Der Totentanz der Ananas

■ Chungking Express: Wong Kar-wais wunderbares Kino aus dem Zwischenreich des Zufalls und des Wartens im 3001

Die Seife macht dem Polizisten Nr. 663 Sorgen. „Du mußt nur Vertrauen haben“, tröstet er das melancholische Utensil, damit es sein sicheres Verschwinden etwas leichter nehmen kann. Dann bügelt er sein Hemd, weil es „etwas Wärme“braucht.
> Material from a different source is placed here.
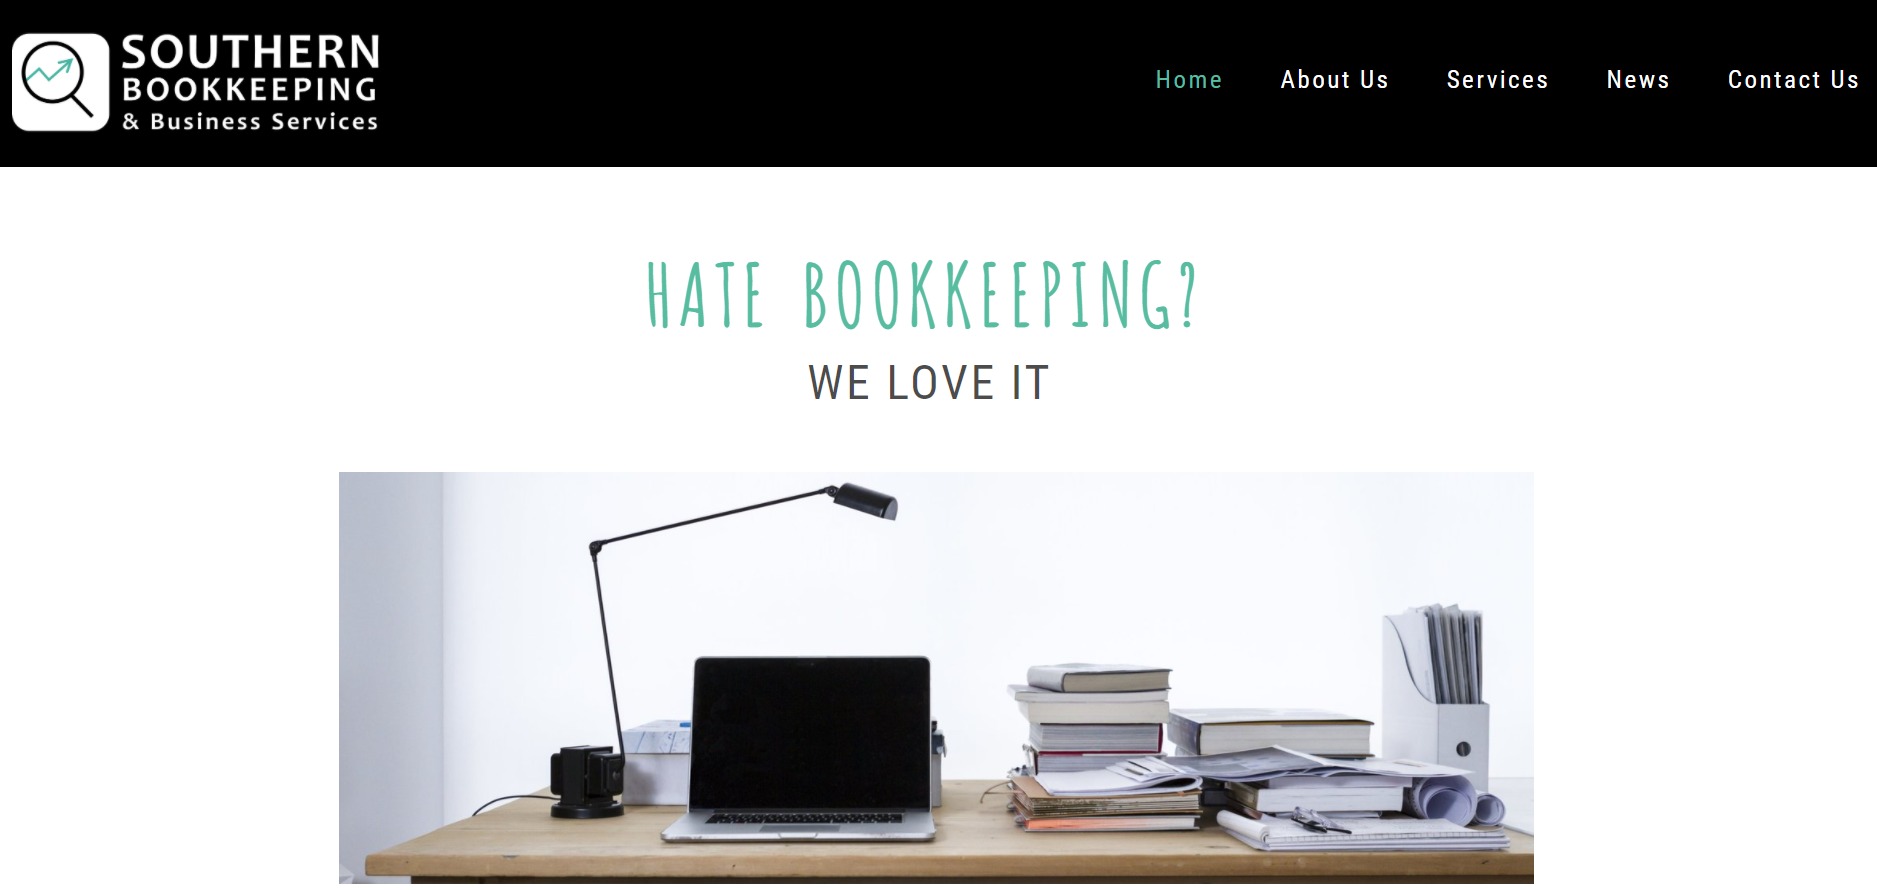 Southern Bookkeeping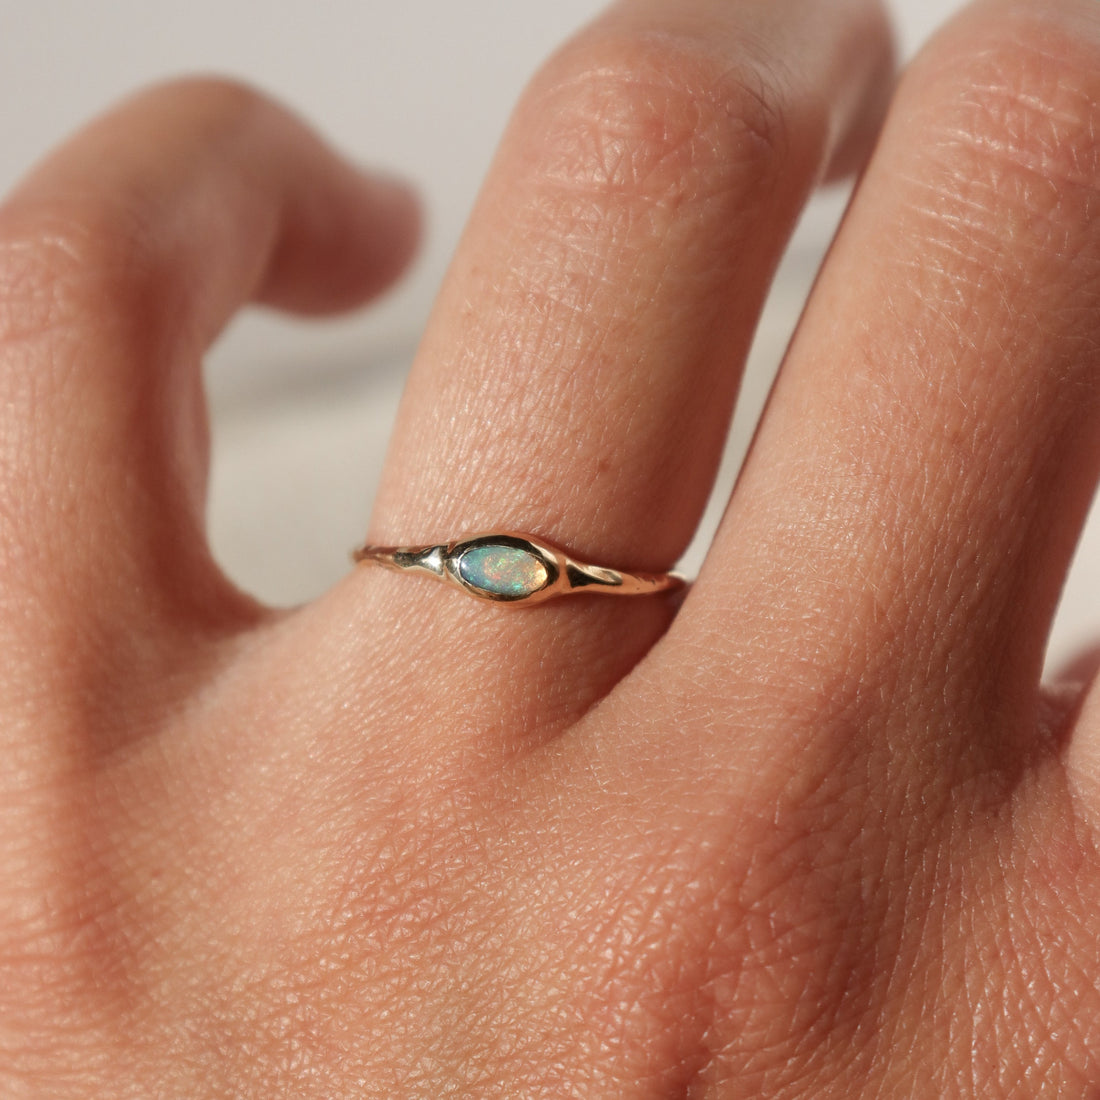 A tiny oval opal is  bezel set  in  14k gold on a narrow band.

Eine Fast-Food-Verkäuferin träumt sich nach Kalifornien, verliebt sich auf dem Weg dorthin in 663 und sorgt dafür, daß ihm niemals die Seife ausgeht.

Eine Frau mit blonder Perücke entführt kleine Kinder, erschießt unzuverlässige Drogenkuriere und erledigt beides so gleichgültig, als rücke sie nur ihre Sonnenbrille zurecht. Die trägt sie immer, auch nachts, denn schließlich kann man nicht wissen, „wann es regnet und wann die Sonne scheint“. Ein Polizist mit der Dienstnummer 223 trauert um eine Verflossene mit ausgiebiger Ananasleidenschaft. Seit der Trennung hortet er Fruchtkonserven mit dem Verfallsdatum seiner Liebe. Im Gewühl sieht er die blonde Frau, er lauert ihr auf, sie flieht, sie treffen aufeinander. „Mögen Sie Ananas?“

In Wong Kar-wais viertem Film Chungking Express von 1996, der als erster seiner Filme in deutschen Kinos lief und jetzt wieder im 3001 zu sehen ist, wird ganz Hongkong zu einem unübersichtlichen Wartesaal, vor dessen speckigen Kachelwänden sich tragikomische Geschichten entspannen. Eine Handkamera flattert mal aufgeregt wie eine Gesellschaftsreporterin, mal wie eine schüchterne Dokumentaristin durch das Gewühl der Passanten. Auf der Tonspur zischendes Fritierfett, Zugansagen, Schlager, abgerissene Telefongespräche. Für den Regisseur ist „das Ganze wie ein Musical aus den Sixties. Die Gefühle sind unschuldig und simpel: glücklich oder kreuzunglücklich.“Diese aufs Nötigste abgespeckten Befindlichkeiten brachte der ehemalige Grafikstudent „schnell mal beim Frühstück“auf's Papier. Nachts wurde gedreht. Ohne großes Budget, ohne vollständiges Skript, ohne Genehmigung. „Wir arbeiteten wie die Diebe, nahmen uns einfach alles, was wir brauchten.“

Für aufwendige Ausleuchtung und Kamerafahrten war keine Zeit, und die provisorischen, nervösen Bilder blieben zunächst eine rein pragmatische Angelegenheit. „In Hongkong hielt man mich für verrückt. Dort macht man keine Filme wie diese.“Dort macht man Komödien und Actionfilme, Bilderstürme vom Laufband einer geölten Produktionsmaschinerie, die angesichts eines sich bald verändernden Filmmarktes in blanke Verwertungshysterie zu fallen scheint.

Bis zum Verfallsdatum dieses Kinos am 31. Dezember gilt es noch einmal rasch zuzugreifen, bei dem Kino der Schwertkämpfer und Karatevirtuosen, der Amazonenheere und Märchenprinzessinnen. Seit acht Jahren bedient sich Wong Kar-wai bei Samuraiehren und Killerdünkeln (As Tears go by), Kung-Fu-Orgien (Ashes of Time), Mythennostalgie (Days of Being Wild) oder Mafia-Eastern (Fallen Angels). Seine Arbeiten haben eine Art Interims-Kino installiert, das ein Hongkong-Lebensgefühl widerspiegelt fern aller Geschäftigkeit und Konsumfreuden. Statt dessen Nouvelle Vague in den Köpfen und Totentänze in der Seele. Imbiß und Waschraum, das muß reichen für eine Begegnung, eine Liebe, eine Trennung.